What is the difference between financial accounting, management accounting and project accounting?
Glad you asked! There are a bunch of differences between financial, management and project accounting. The important things to know are duration and usage. Here are a few concepts to focus on:
- Financial Accounting – Financial accounting manages ongoing business concerns that need to be measured. Focused on cost centers (departments), financial accounting’s duration is fixed to a year. Questions like, “what was our revenue in 2020?” can be answered with Financial Accounting. Ultimately, financial accounting is the single source of truth that gets reported to auditors.
- Management Accounting – Is not about keeping score, it is about finding meaning from financial accounting. Think about management accounting as the sense maker to the noise that financial accounting creates. For example, if we book 3x more business this month than in the previous month none of that will get seen by financial accounting. Management accounting uses that information to inform the business on where to go.

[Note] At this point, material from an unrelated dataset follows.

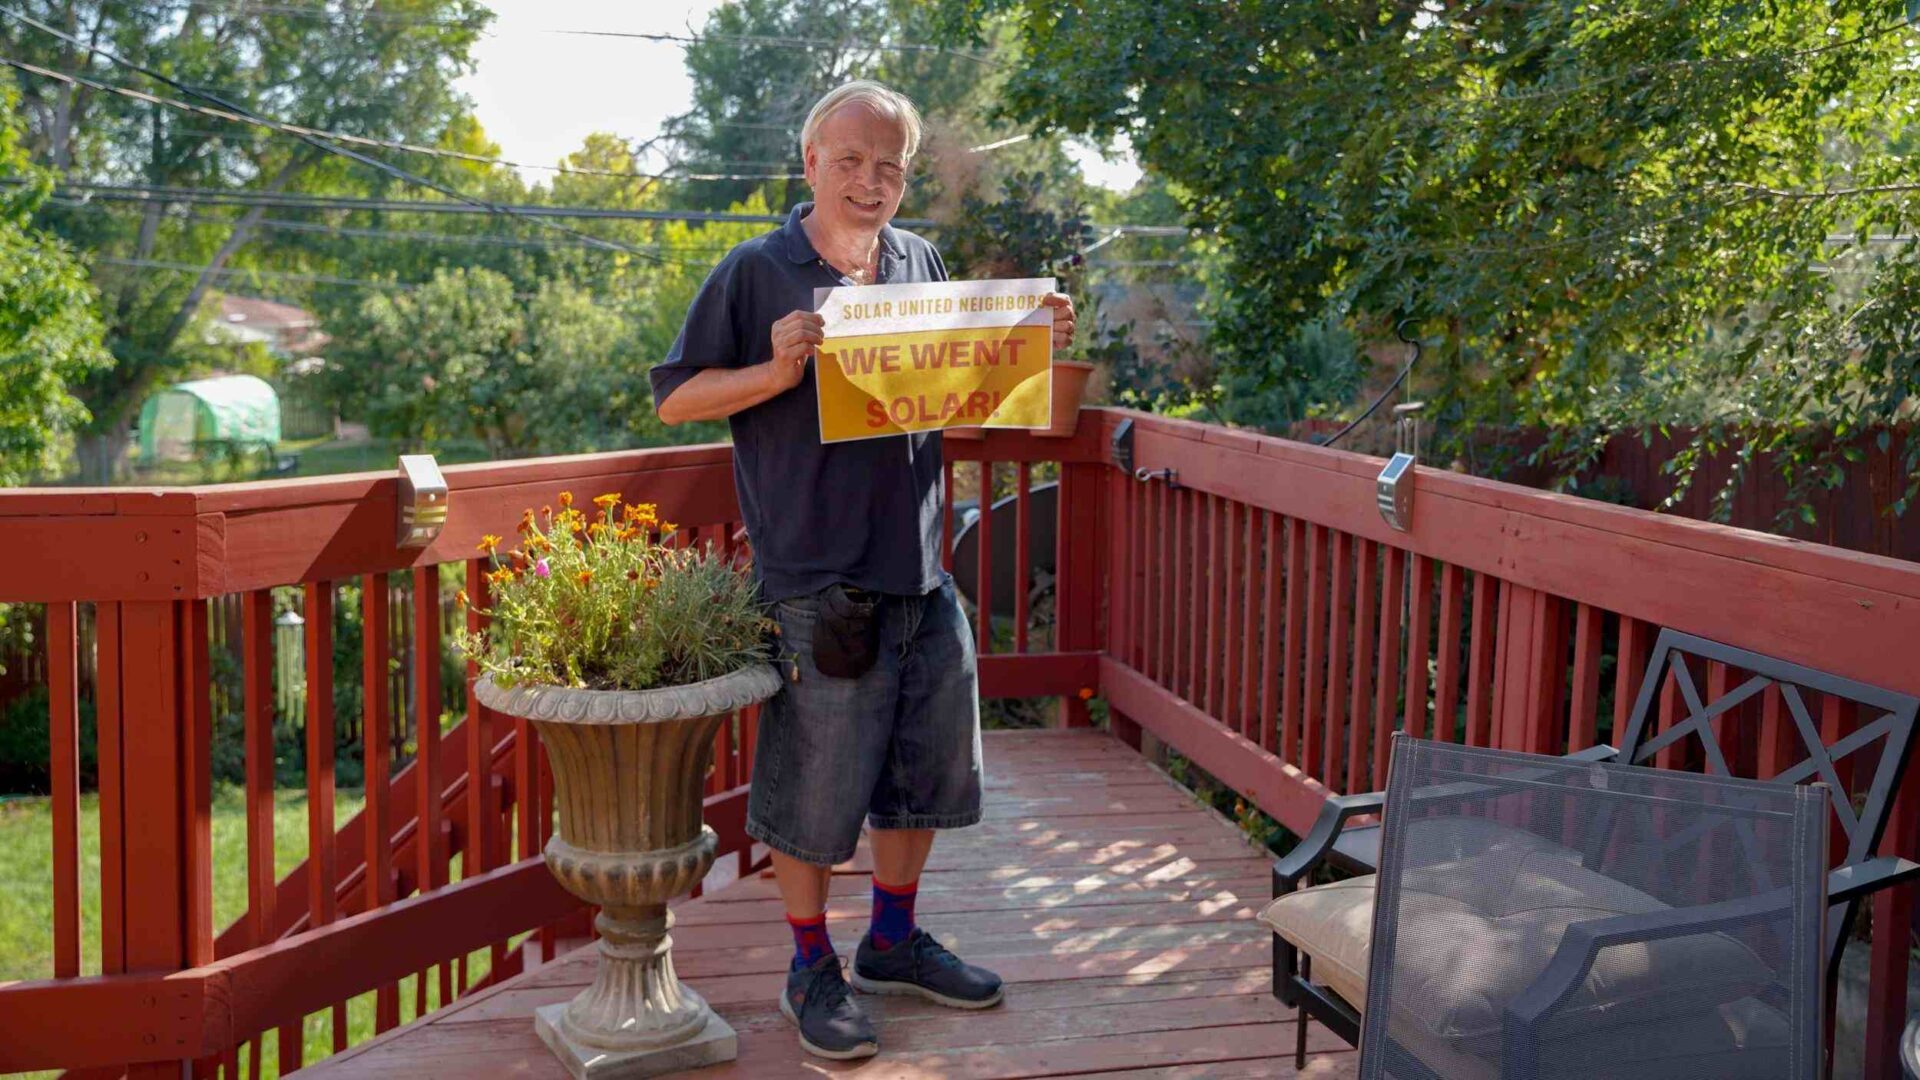 Man standing on backyard deck holding sign that reads "We went solar!"

- Project Accounting – Projects have costs like billable resources and expenses, which create value for the business in the form of revenue. Those costs and revenue can be created regardless of the cost center they exist in. When project accounting software is used as a project accounting subledger, these project costs then get mapped into the right cost centers to provide the business with a financial accounting perspective.

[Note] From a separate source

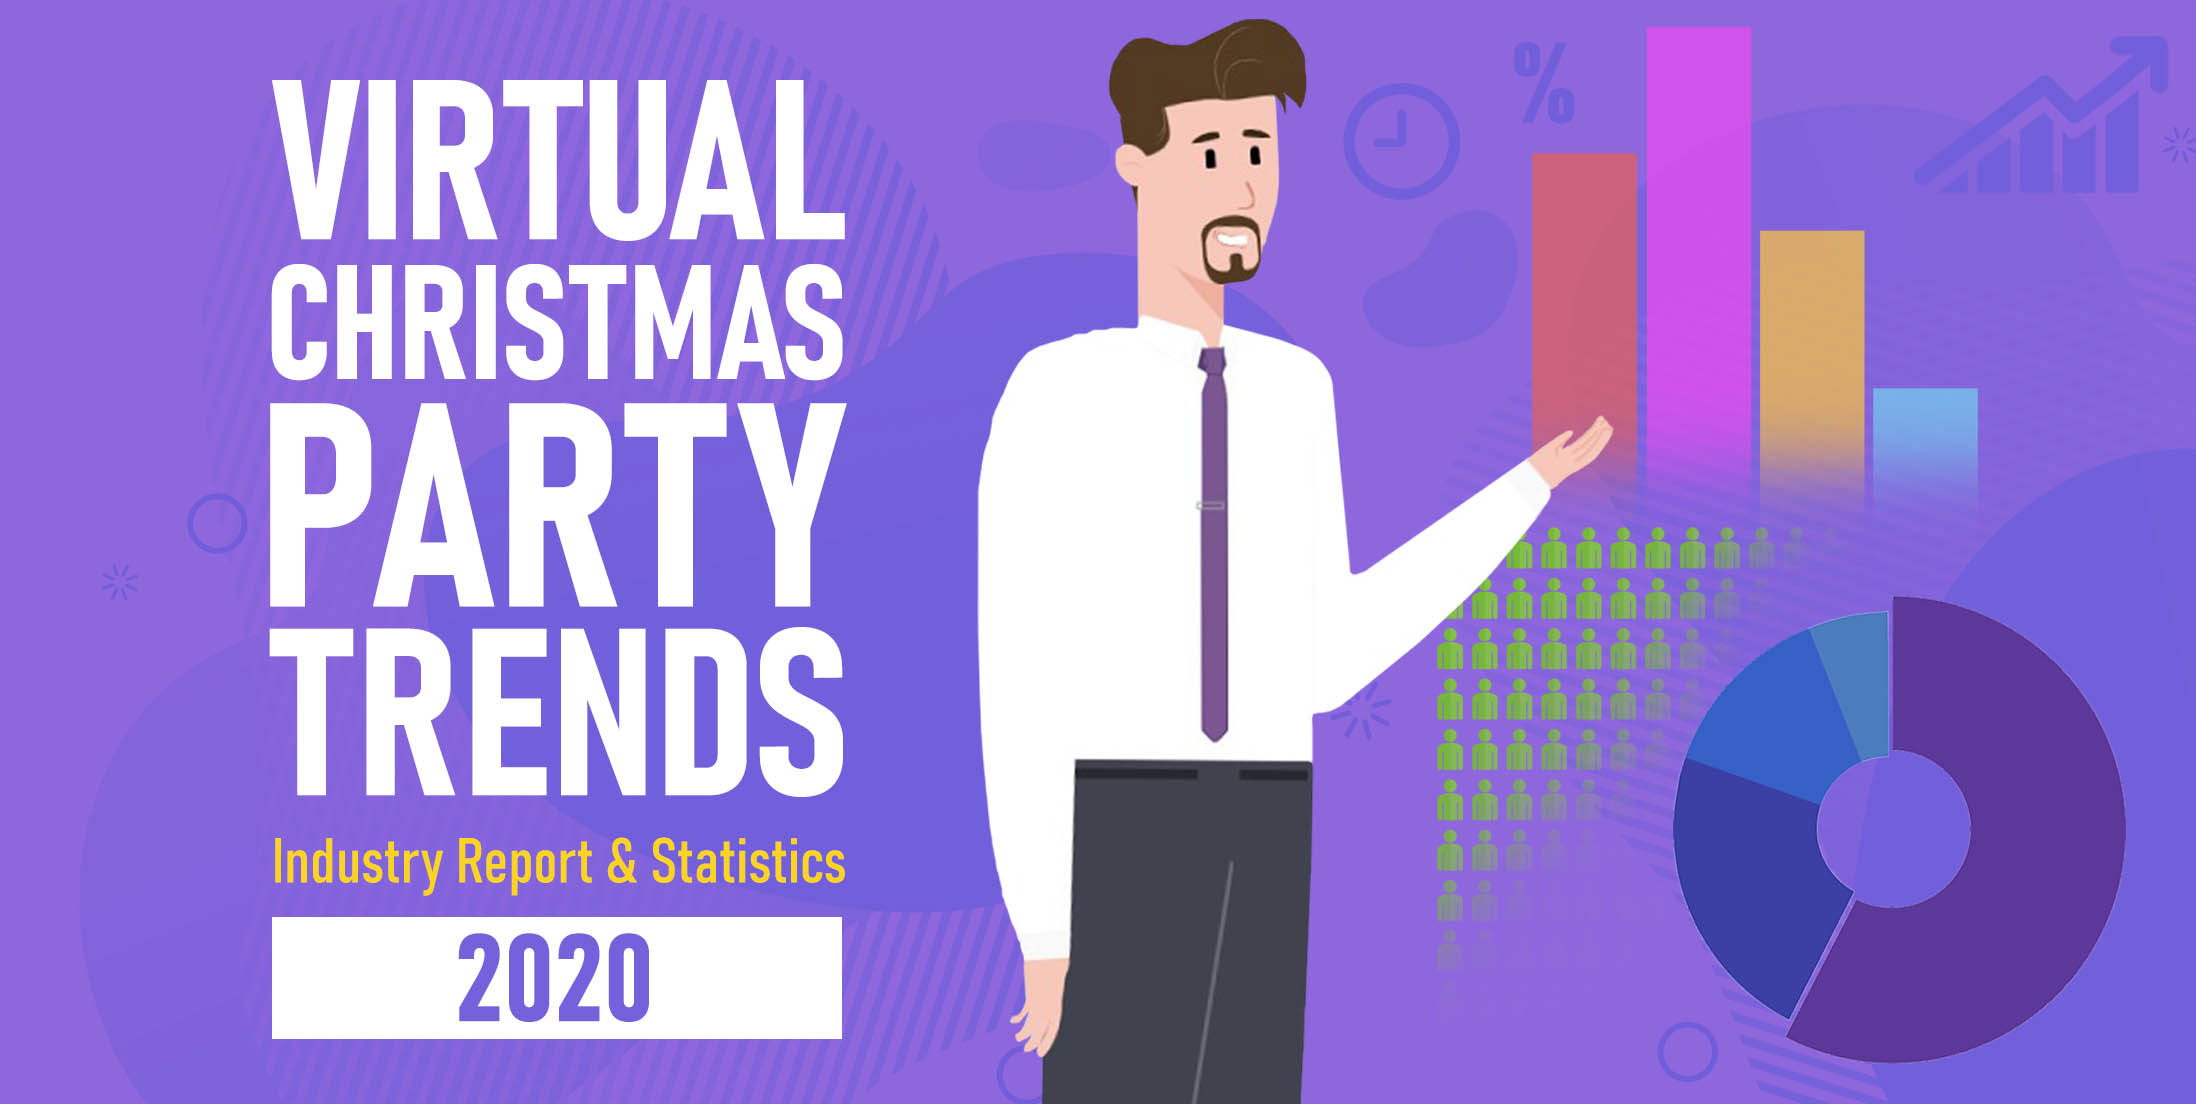 2020 Virtual Christmas Party Trends Industry Report & Statistics

A simple way to think about this is the applicability based on the situation. Project accounting is used internally for project work at a micro level. Management accounting is more to track day to day business. Financial accounting is the cold hard facts that get reported externally to auditors. They all work off the same foundation, they are just used in different situations to accomplish different tasks.
Who uses project accounting?
Typically, project accounting is used by Professional Services Organizations (PSOs) that use an accrual-based accounting method. This typically means these organizations are over $5M in annual revenue (otherwise organizations may use the cash-based accounting method). A PSO would use project accounting if they are:
- people-centric, meaning they sell their time as a product
- project focused, meaning their work has distinctive start and end points
- Selling different contract types, including fixed price, time and materials, not to exceed etc.
- Focused more on labor than material factors (project accounting can sometimes deal with materials and inventory)
- Delivering work in different global locations
- Delivering knowledge-based services
- Delivering projects with a variety of resources and workstreams
Good examples of organizations who use project accounting:
- Systems implementors
- Tech implementors
- Systems integrators
- Management consulting firms
- Creative agencies
- Engineering services
- Digital agencies
- Software companies implementing their own technology
- Architecture firms
- Financial services organizations
Why should I use project accounting?
The easy answer here is: to manage your services organization better…but that is a bit simplistic. There are three core reasons:
- GAIN INSIGHT FROM OUTPUT: The first is to empower project managers with insight into the financial performance of a single project amongst a portfolio of projects.
- MANAGEMENT THROUGH INPUT: With that insight, project managers now have the ability to actually manage the balance of resources, project plan and budget before something goes off the rails.
- ALIGNMENT: As a project manager goes about their work, project accounting software helps them to align their work to the overall performance goals of the business.
It is the combination of these three things that unlock improvement in business performance.
Think about it like this: The steam engine was invented in 1712 but innovation on the steam engine didn’t happen until James Watt optimized its use in 1778. Why is that? Why did it take so long to improve? One word: horsepower (i.e. output). That’s right, James Watt invented the metric of horsepower so that he had a baseline of measurement to compare against. He used this metric to measure output so that he could optimize input. Project accounting is the horsepower of professional services organizations. I hope all project managers now feel a little bit cooler!
What are the benefits of project accounting?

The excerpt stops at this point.